Hi
I have a dataset1 where columns are basically managers' names attached to various dates. This is my master/main dataset. The other dataset2 has a gender column of these managers, so one column is names of these managers and parallel column is the gender (converted in numeric i.e. 0 and 1).
I want to create a "New_dataset" which should be similar to Dataset1, but the names (character variable) must be replaced with the gender variable from Dataset2. Please see a sample below:
Data Dataset1;
infile datalines
dlm=","
missover
DSD;
input ID : $10.
Date_Month : mmddyy10.
Manager1 : $60.
Manager2 : $60.
Manager3 : $60. ;
format Date_Month mmddyy10. ;
datalines;
AB00046,06-30-2016,Ronald Baron,Bill F. Baron,
AB00046,07-31-2016,Ronald Baron,Bill F. Baron,
AB00046,08-31-2016,Ronald Baron,Bill F. Baron,
AB00046,09-30-2016,Ronald Baron,Bill F. Baron,
AB00046,10-31-2016,Ronald Baron,Bill F. Baron,Tim S.
AB00046,11-30-2016,Ronald Baron,Bill F. Baron,Tim S.
AB00046,12-31-2016,Ronald Baron,Bill F. Baron,Tim S.
AB00046,01-31-2017,Ronald Baron,Bill F. Baron,Tim S.

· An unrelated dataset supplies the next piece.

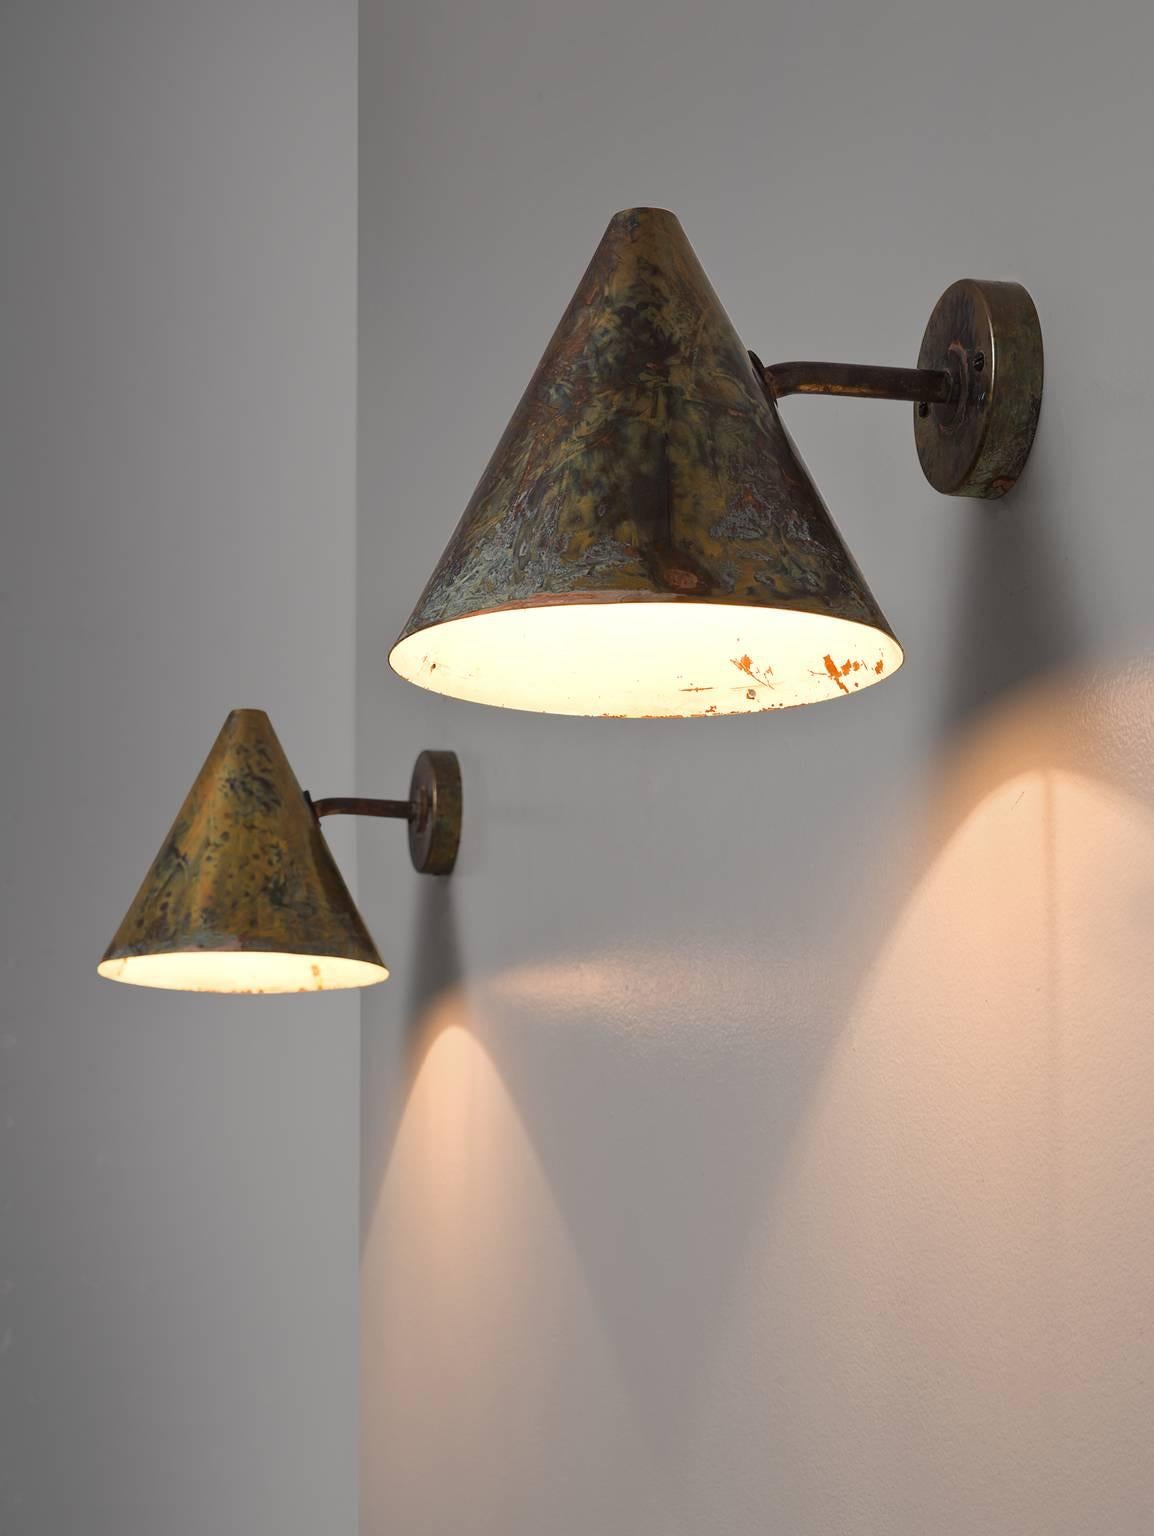 Hans-Agne Jakobsson for AB Markaryd, pair of wall lights, copper, by Sweden, 1950s. 

Pair of cone-shaped wall lights designed by Hans-Agne Jakobsson for AB Markaryd, in beautifully patinated copper with an off-white interior. The light this model

AB00046,02-28-2017,Ronald Baron,Bill F. Baron,Tim S.
AB00046,03-31-2017,Ronald Baron,Bill F. Baron,Tim S.
AB00046,04-30-2017,Ronald Baron,Bill F. Baron,Tim S.
AB00046,05-31-2017,Ronald Baron,Bill F. Baron,Tim S.
AB00046,06-30-2017,Ronald Baron,Bill F. Baron,Tim S.
AB00046,07-31-2017,Ronald Baron,Bill F. Baron,
AB00046,08-31-2017,Ronald Baron,Bill F. Baron,
AB00050,04-30-2016,
AB00050,05-31-2016,
AB00050,06-30-2016,Sharon
AB00050,07-31-2016,Sharon,Tim S.
AB00050,08-31-2016,Sharon,Tim S.
AB00050,09-30-2016,Sharon,Tim S.
; run;
Data Dataset2;
infile datalines
dlm=","
missover
DSD;
input ID : $10.
Name_Manager : $60.
Gender ;
datalines;
AB00046,Ronald Baron,0
AB00046,Bill F. Baron,0
AB00046,Tim S.,0
AB00050,Sharon,1
AB00050,Tim S.,0
;
run;
Data Dataset_Want;
infile datalines
dlm=","
missover
DSD;
input ID : $10.
Date_Month : mmddyy10.
Manager1
Manager2
Manager3 ;
format Date_Month mmddyy10. ;
datalines;
AB00046,06-30-2016,0,0,
AB00046,07-31-2016,0,0,
AB00046,08-31-2016,0,0,
AB00046,09-30-2016,0,0,
AB00046,10-31-2016,0,0,0
AB00046,11-30-2016,0,0,0
AB00046,12-31-2016,0,0,0
AB00046,01-31-2017,0,0,0
AB00046,02-28-2017,0,0,0
AB00046,03-31-2017,0,0,0
AB00046,04-30-2017,0,0,0
AB00046,05-31-2017,0,0,0
AB00046,06-30-2017,0,0,0
AB00046,07-31-2017,0,0,
AB00046,08-31-2017,0,0,
AB00050,04-30-2016,
AB00050,05-31-2016,
AB00050,06-30-2016,1
AB00050,07-31-2016,1,0
AB00050,08-31-2016,1,0
AB00050,09-30-2016,1,0
;
run;
Please Guide me in this regard. Thanks.
Here a hash approach which also looks for a matching ID column and not only names.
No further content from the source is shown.